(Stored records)
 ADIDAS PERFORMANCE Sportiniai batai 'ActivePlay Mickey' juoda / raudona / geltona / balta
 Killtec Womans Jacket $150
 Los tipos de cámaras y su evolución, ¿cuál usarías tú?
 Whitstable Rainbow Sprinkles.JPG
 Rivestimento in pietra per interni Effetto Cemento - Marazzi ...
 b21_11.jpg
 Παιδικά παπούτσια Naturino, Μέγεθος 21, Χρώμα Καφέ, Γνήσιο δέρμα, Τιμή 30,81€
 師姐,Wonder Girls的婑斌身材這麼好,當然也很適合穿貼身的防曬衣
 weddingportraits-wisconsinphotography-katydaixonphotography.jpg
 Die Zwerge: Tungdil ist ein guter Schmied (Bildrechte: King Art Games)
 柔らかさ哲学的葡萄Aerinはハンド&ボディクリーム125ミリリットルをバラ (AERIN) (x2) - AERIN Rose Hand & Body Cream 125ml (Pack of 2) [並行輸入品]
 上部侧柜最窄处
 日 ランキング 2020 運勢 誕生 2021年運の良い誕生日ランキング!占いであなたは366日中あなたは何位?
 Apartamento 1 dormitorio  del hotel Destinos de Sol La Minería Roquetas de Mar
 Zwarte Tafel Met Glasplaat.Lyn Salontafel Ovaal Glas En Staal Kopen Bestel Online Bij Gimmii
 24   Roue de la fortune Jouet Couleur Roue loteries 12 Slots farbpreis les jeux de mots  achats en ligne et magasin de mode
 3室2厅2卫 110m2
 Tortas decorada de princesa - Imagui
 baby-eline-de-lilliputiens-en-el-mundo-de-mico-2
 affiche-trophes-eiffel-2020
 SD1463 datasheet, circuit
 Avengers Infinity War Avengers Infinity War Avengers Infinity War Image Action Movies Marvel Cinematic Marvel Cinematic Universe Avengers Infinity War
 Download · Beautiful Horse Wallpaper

Directions -
Look above for the line containing "SD1463 datasheet, circuit", then transcribe it and all lines after it through the last, exactly and with nothing else.

The answer -
 SD1463 datasheet, circuit
 Avengers Infinity War Avengers Infinity War Avengers Infinity War Image Action Movies Marvel Cinematic Marvel Cinematic Universe Avengers Infinity War
 Download · Beautiful Horse Wallpaper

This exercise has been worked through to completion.